Issue No. 304

17 - 23 August 2000

The Furniture Sector Report

As part of its assistance to manufacturing enterprises in sectors affected by either the liberalisation of the market or the EU's acquis communautaire, IPSE commissioned the Sectoral Analysis Report on

the Maltese furniture industry to

provide:

  • an analysis of the Maltese furniture industry to date;

  • an assessment of the current strengths and weaknesses of the Maltese industry and identification of the major threats and opportunities presented by trade liberalisation and EU membership;

  • identification of major trends in the international furniture industry;

  • an assessment of the impact of EU directives on the sector; and

  • practical recommendations detailing actions that could be taken by the industry, IPSE and other institutional partners to gain competitive advantage.

    The report was not intended to provide individual enterprises with the solutions, strategies and actions that they need to take in their particular situation. The enterprise's business planning process remains the best means there is for this purpose.

    The report is intended to lay out the broader picture which should facilitate the business planning process of the individual enterprise. This line of thought has been confirmed by the report, which makes it clear that there is no blueprint for what the restructuring process should entail at the single enterprise level.

    What emerge from the report are the main strategic options available to enterprises operating within the industry.

    The specific strategies selected will depend on the enterprise's examination of its strengths, capabilities and resources and the determination of the market segment to which these can be applied most profitably.

    The report emphasises that there can be no quick fix to the challenges facing the Maltese furniture industry. A lot of urgent, coordinated effort by all those involved is necessary if the industry is to succeed and grow in a liberalised market environment.

    Who's affected

    The extent of the challenge the future poses varies from one enterprise to another. The key factor is not size, but is dependent on the nature of the enterprise's operations. The report identifies four main strategic groupings operating within the industry, segmented along two variables: the level of operational competence (how well the enterprise manages and carries out its operations) and degree of specialisation (how effectively the enterprise has identified and is concentrating on specific segments it can excel in).

    The first group, plankton, included those enterprises that are very local in their operation - also referred to as "proximity enterprises". Enterprises in this group are unspecialised: they produce more or less whatever the customer demands. They are also low on operational competence, not because the quality of work is poor but because, given the wide product range, they are not able to apply thoroughly efficient production management practices.

    The biggest challenge for enterprises in the plankton group is to "get fit", to ensure adequate control over their operations and cost structure and to continue to relate closely with their customer base.

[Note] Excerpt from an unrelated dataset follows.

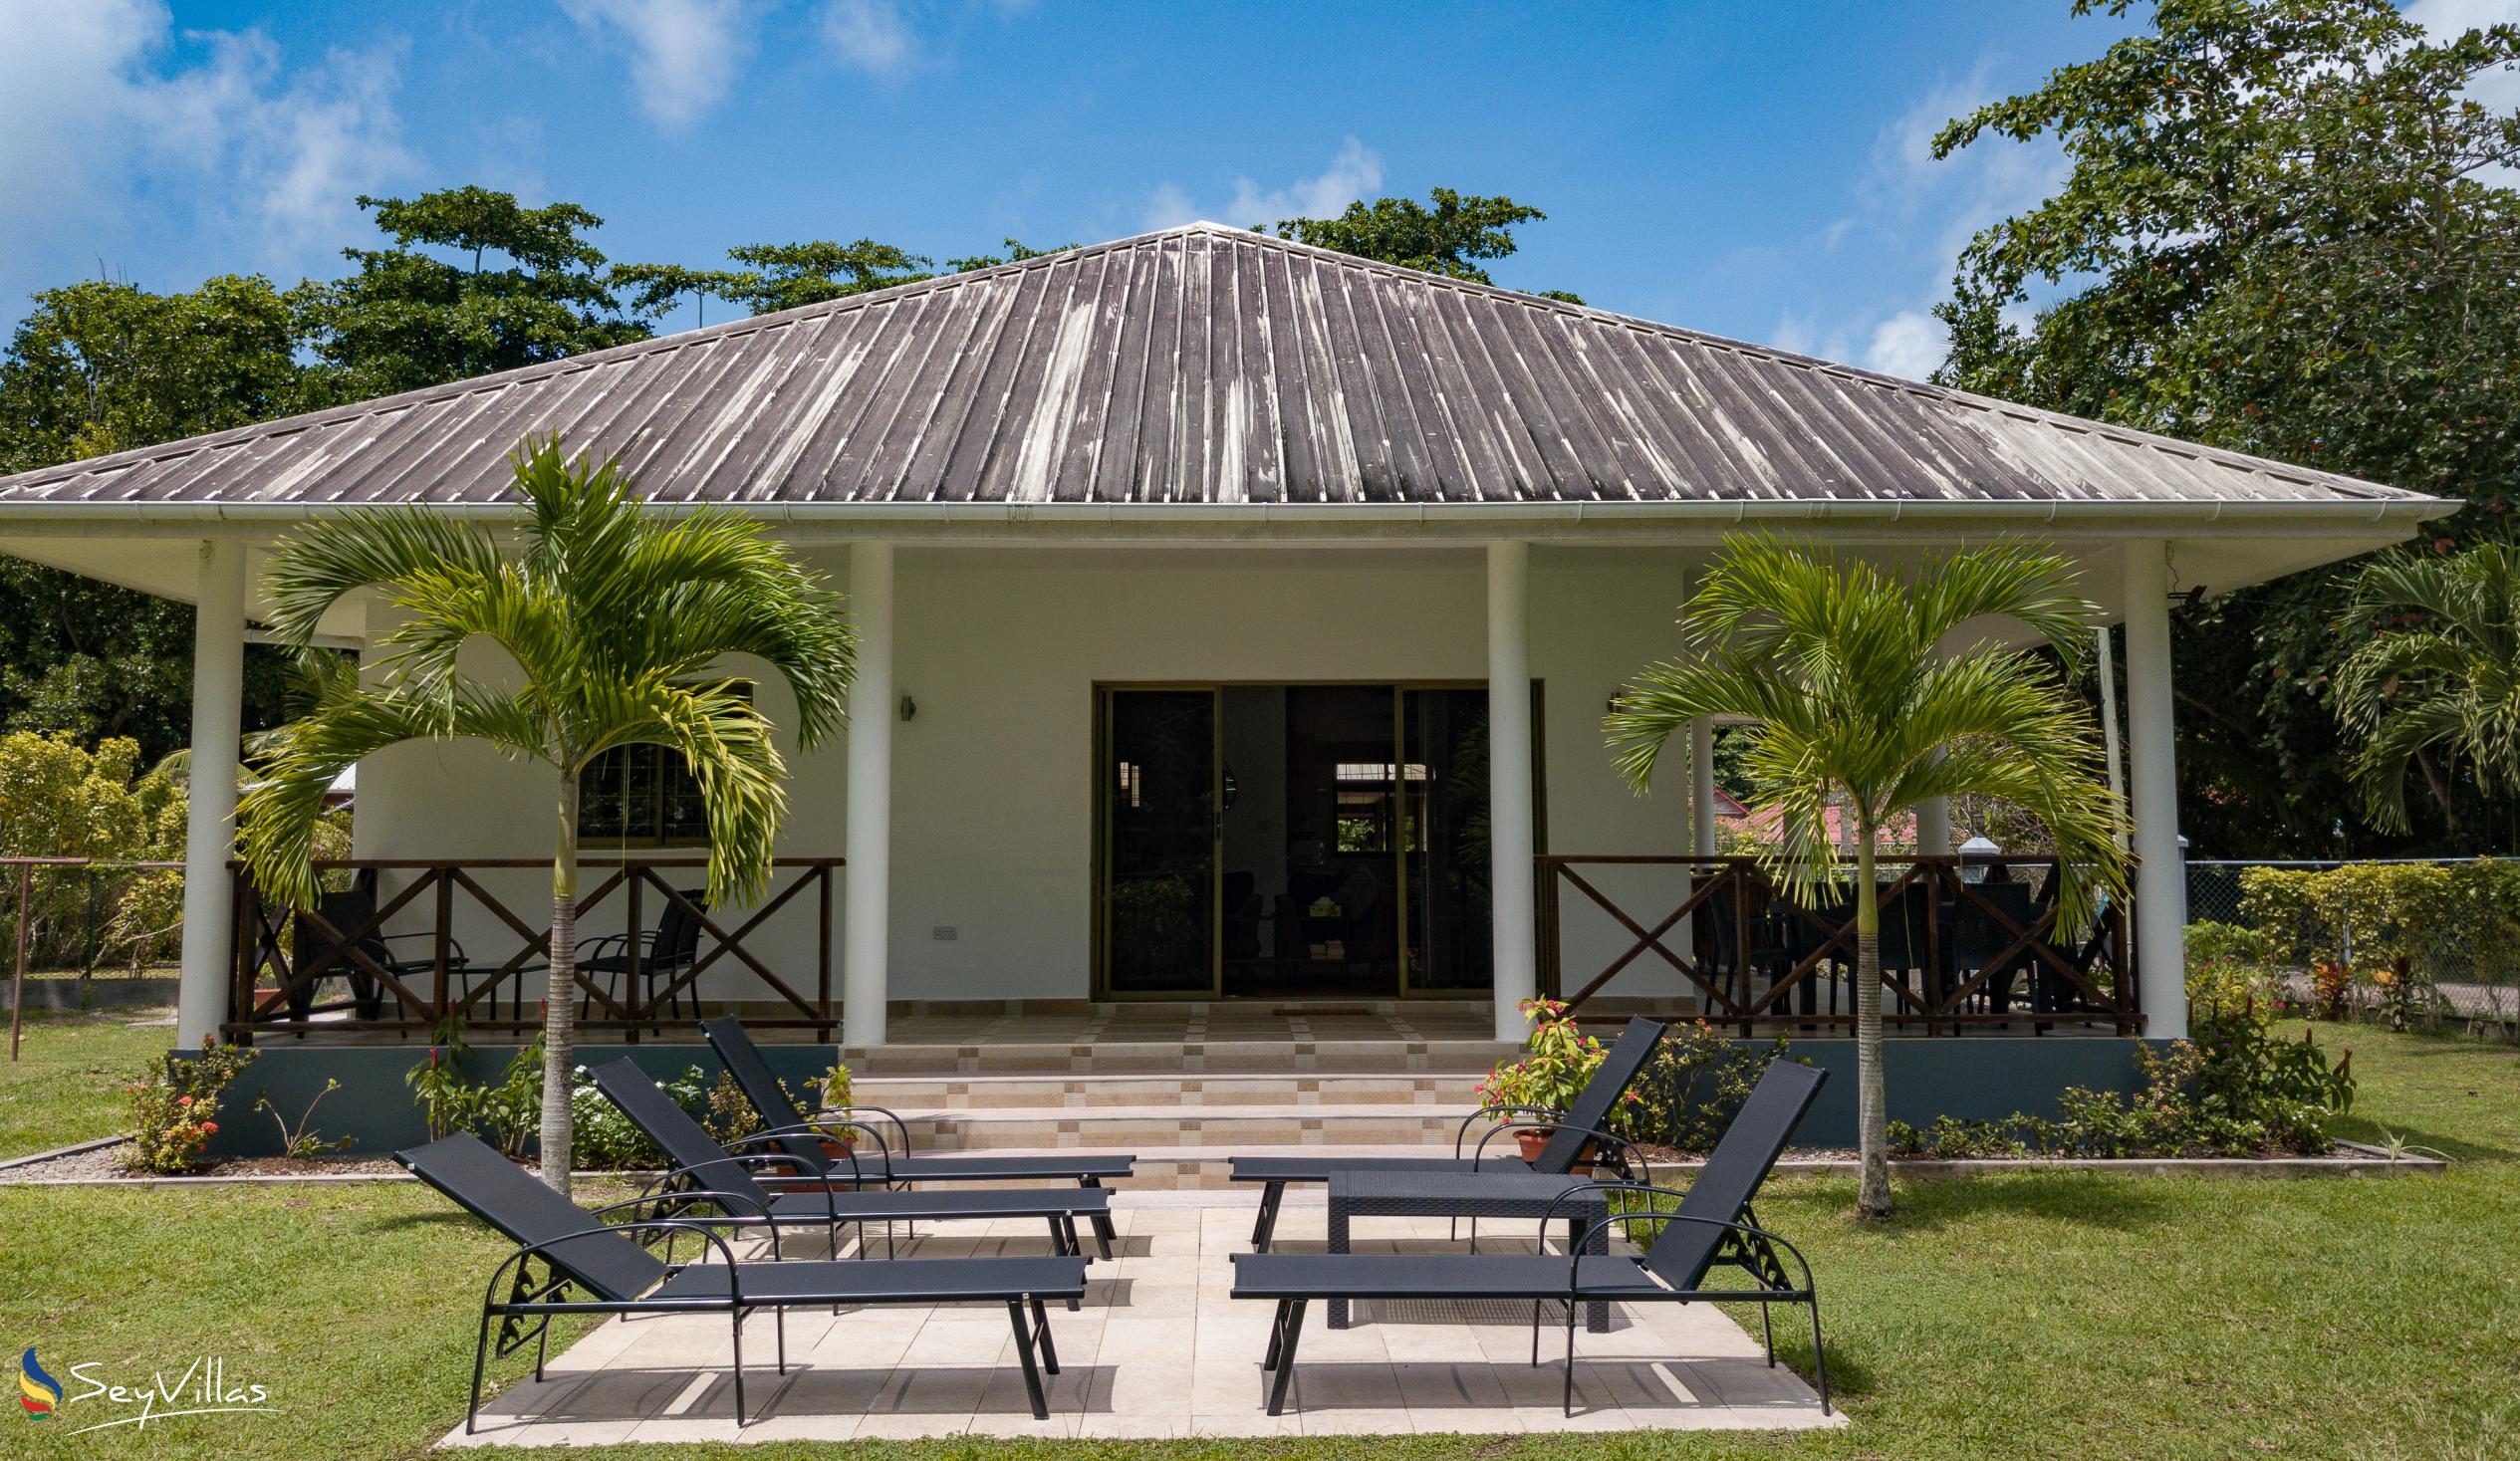 Foto 14: Villa Laure - Villa Laure - Praslin (Seychellen)

    While the report indicates that the market will in all probability shrink even for these enterprises, the chances that they will survive the restructuring process is quite good, provided they take the required corrective action. The group can even grow, provided that the enterprises learn to work better together, either through networking between themselves or with the larger players in the industry. This will give them the scope and scale necessary to compete on the international market.

    The second group - the sharks - includes enterprises that are ready to export, and are doing so already. Regretfully, this is still a very small group of enterprises which have achieved both a high degree of operational competence and a clear focus on a specific market segment - a high degree of specialisation.

    The strategic challenge for these enterprises is to further exploit their current position and to push further for export. It is vital for these enterprises to continuously strive to improve and upgrade their skills and operations to keep in touch with developments in the international market.

    Group three - the whales - includes enterprises that have achieved a relatively high level of operational competence but which are still bogged down with a broad product range.

    These tend to be the larger manufacturers, and are among the enterprises most at risk. The strategy for these enterprises is to specialise by narrowing down their product range and focusing on a specific market segment they have the competencies to service effectively and efficiently, and to improve operational competence, upgrading skills and operations. The last group - the soles - includes enterprises that appear to be the most vulnerable in the industry. They have a limited operational competence, and a more limited product range than the whales. They are often further burdened by high financial costs and underutilised machinery.

    Three general options are open to this group. Enterprises may either decide to downsize and get closer to their customer base, that is, become plankton or proximity enterprises.

    They may decide to specialise along the value chain and to concentrate on the particular processes they can excel at, becoming sub-suppliers to larger manufacturers. Or finally, they may decide to focus on a specific product range and essentially become sharks.

    To use the insights provided by the report, each enterprise will need to look at its own operations and market, and decide where in this classification it falls. It should also look at the skills it can rely upon, and at where it wants to go. Then it can decide on which of the general strategic options it will follow.

    The options provided by the report remain generic, however. Each enterprise following the general options outlined by the report, will have to formulate its own specific strategy, identifying the particular and possibly unique steps it will have to take to achieve success.

    The Sectoral Analysis Report on the Maltese Furniture Sector is available from IPSE Ltd, Small Enterprise Centre, Marsa at a nominal fee of Lm10.